That’s very interesting in the second article that the model could predict it’s own future behaviors better than one that hadn’t been.
Models only exhibit introspection on simpler tasks. Our tasks, while demonstrating introspection, do not have practical applications. To find out what a model does in a hypothetical situation, one could simply run the model on that situation – rather than asking it to make a prediction about itself (Figure 1). Even for tasks like this, models failed to outperform baselines if the situation involves a longer response (e.g. generating a movie review) – see Section 4. We also find that models trained to self-predict (which provide evidence of introspection on simple tasks) do not have improved performance on out-of-distribution tasks that are related to self-knowledge (Section 4).
This is very strange because it seems like humans find it easier to introspect on bigger or more high level experiences like feelings or the broad narratives of reaching decisions more than, say, how they recalled how to spell that word. It looks like the reverse.

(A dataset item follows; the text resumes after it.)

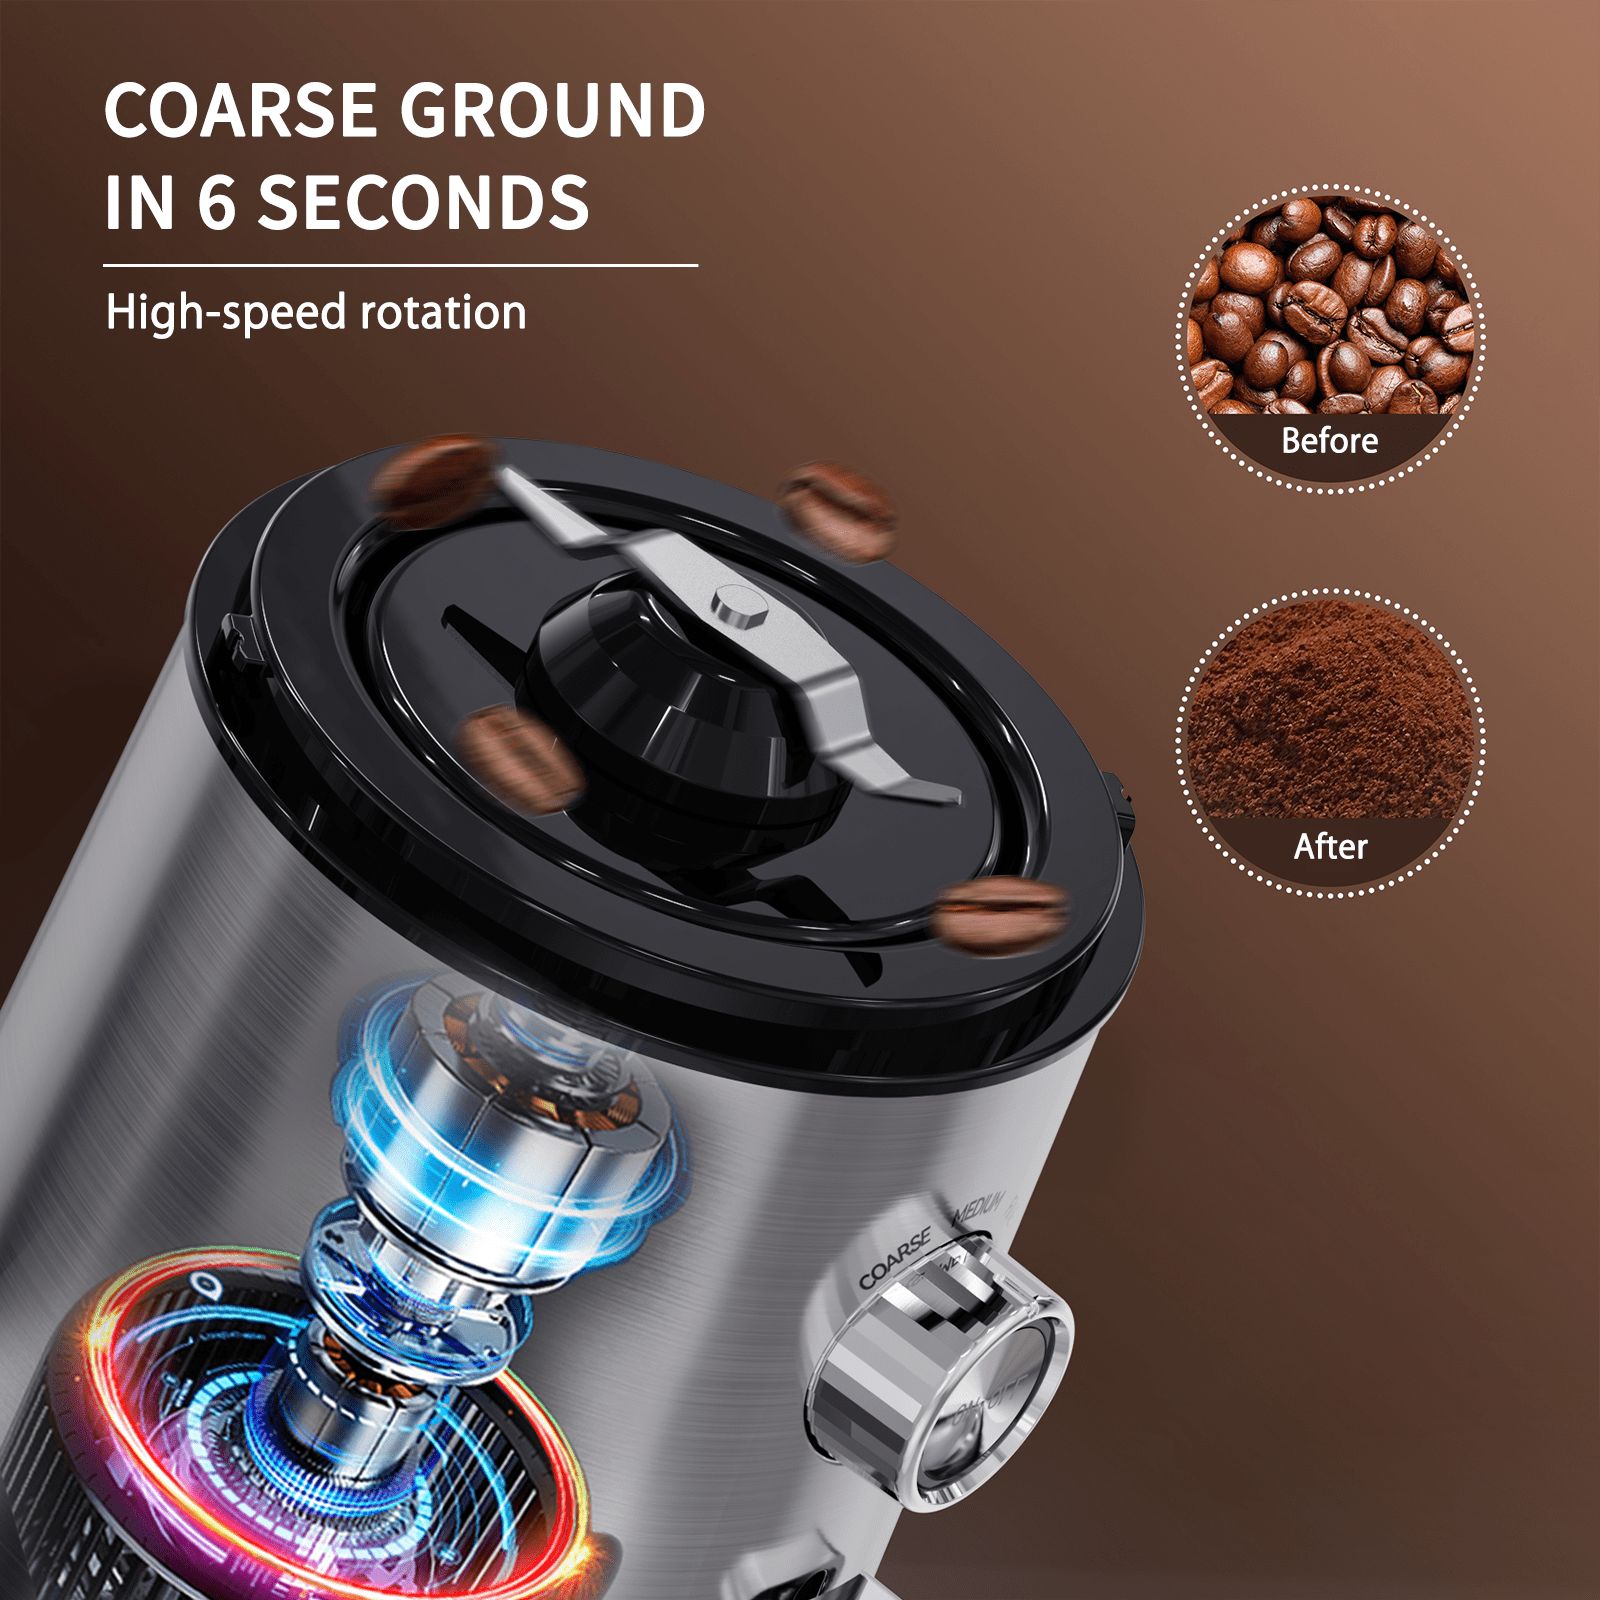 LINKChef Coffee Grinder Electric and Spice Grinder CG9230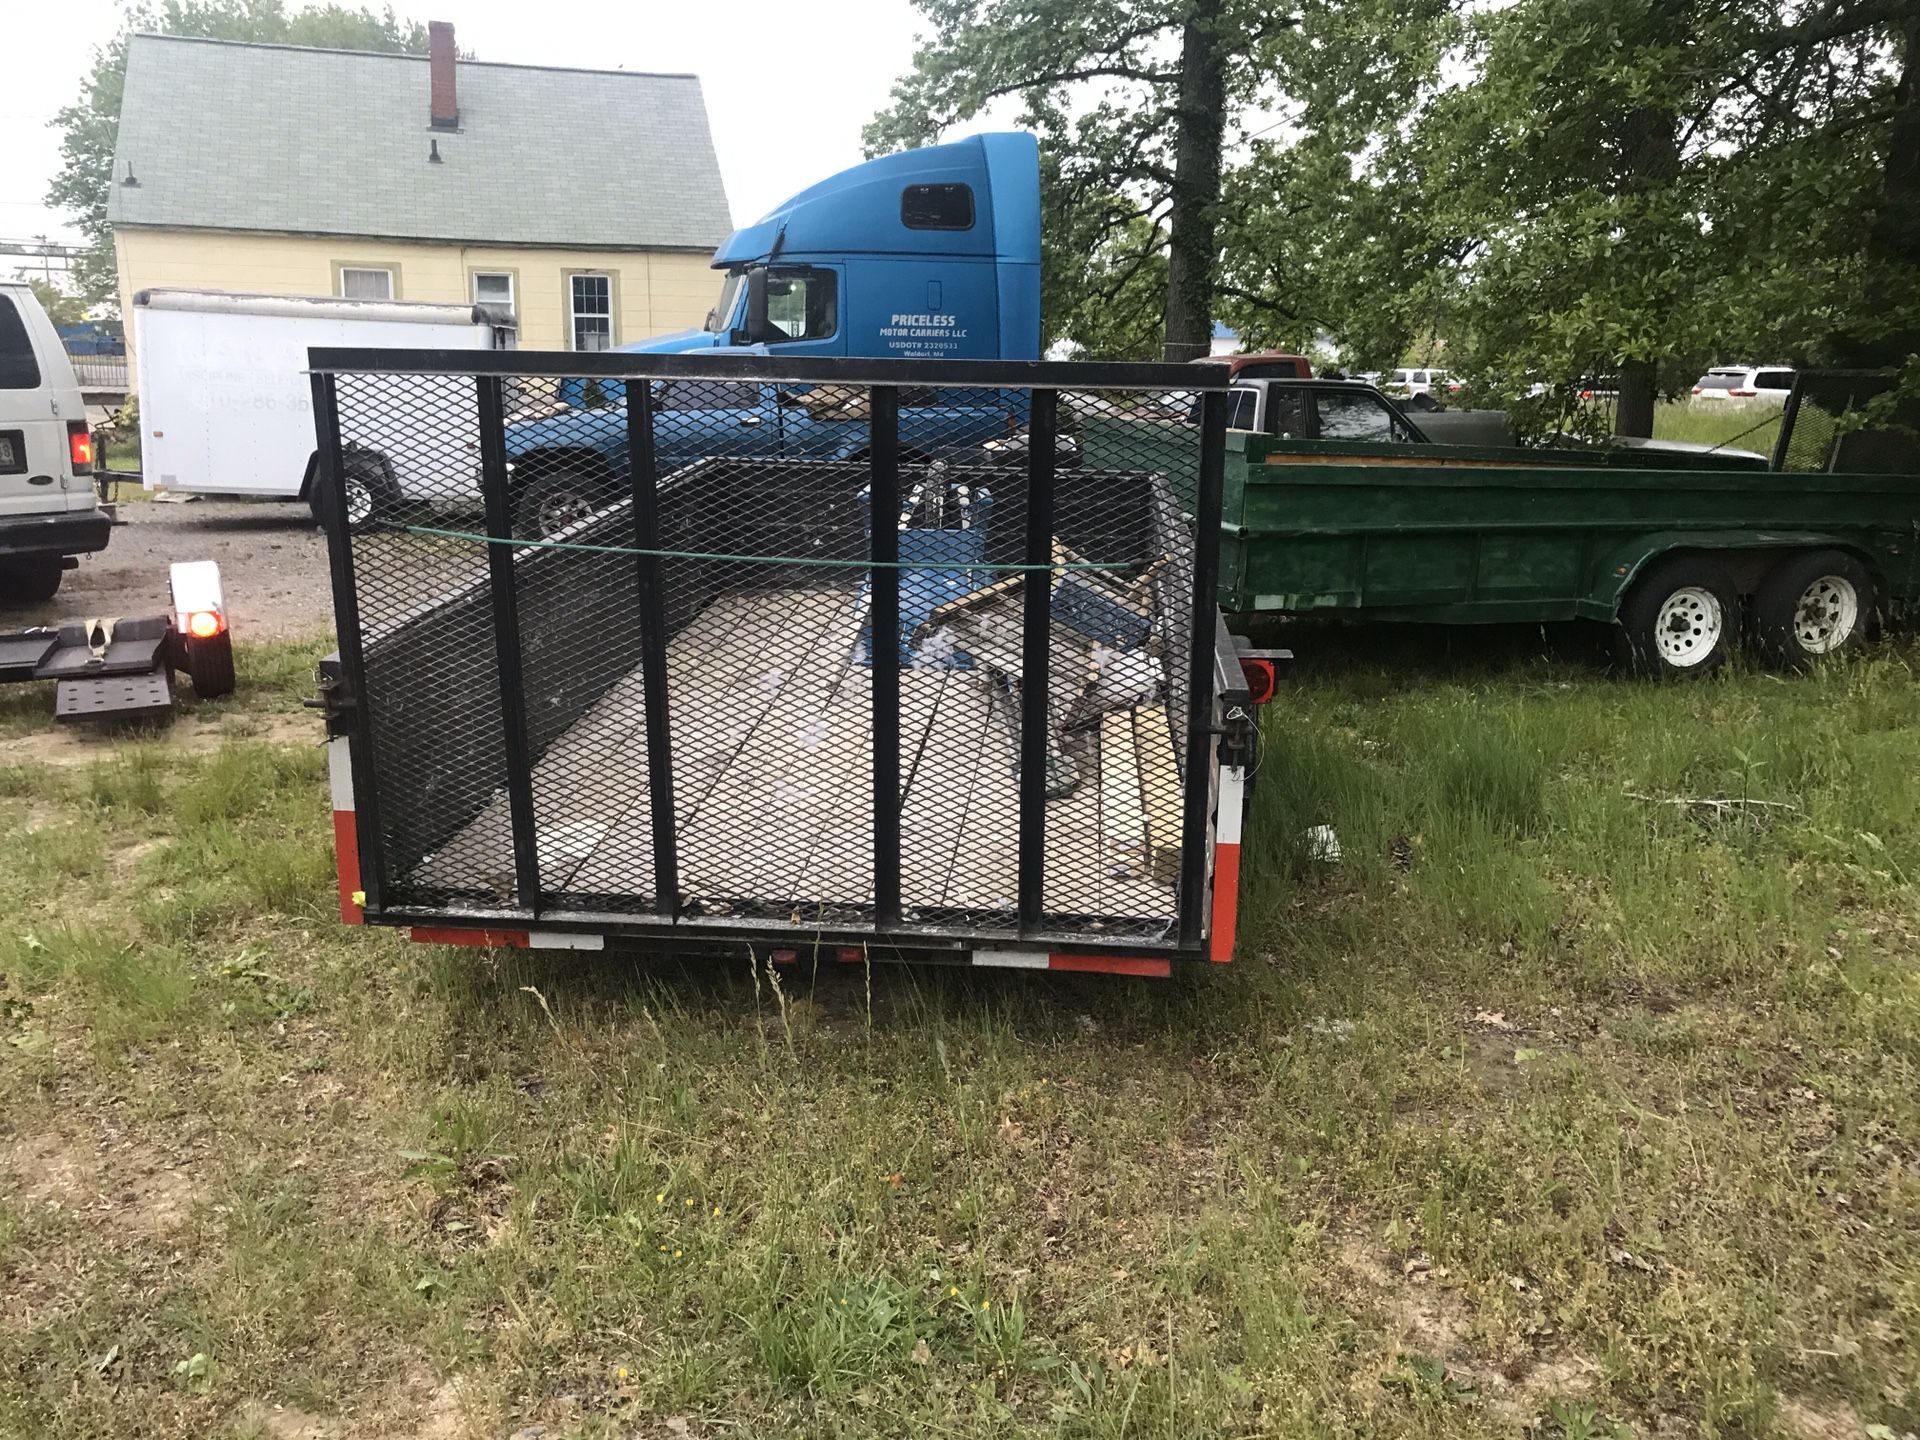 Trailer for sale good condition 6x12.

I’d have to look back at the methodology to be sure, but on the assumption that they have the model answer immediately without any chain of thought, my default guess about this is that it’s about the limits of what can be done in one or a small number of forward passes. If it’s the case that the model is doing some sort of internal simulation of its own behavior on the task, that seems like it might require more steps of computation than just a couple of forward passes allow. Intuitively, at least, this sort of internal simulation is what I imagine is happening when humans do introspection on hypothetical situations.
If on the other hand the model is using some other approach, maybe circuitry developed for this sort of purpose, then I would expect that maybe that approach can only handle pretty simple problems, since it has to be much smaller than the circuitry developed for actually handling a very wide range of tasks, ie the rest of the model.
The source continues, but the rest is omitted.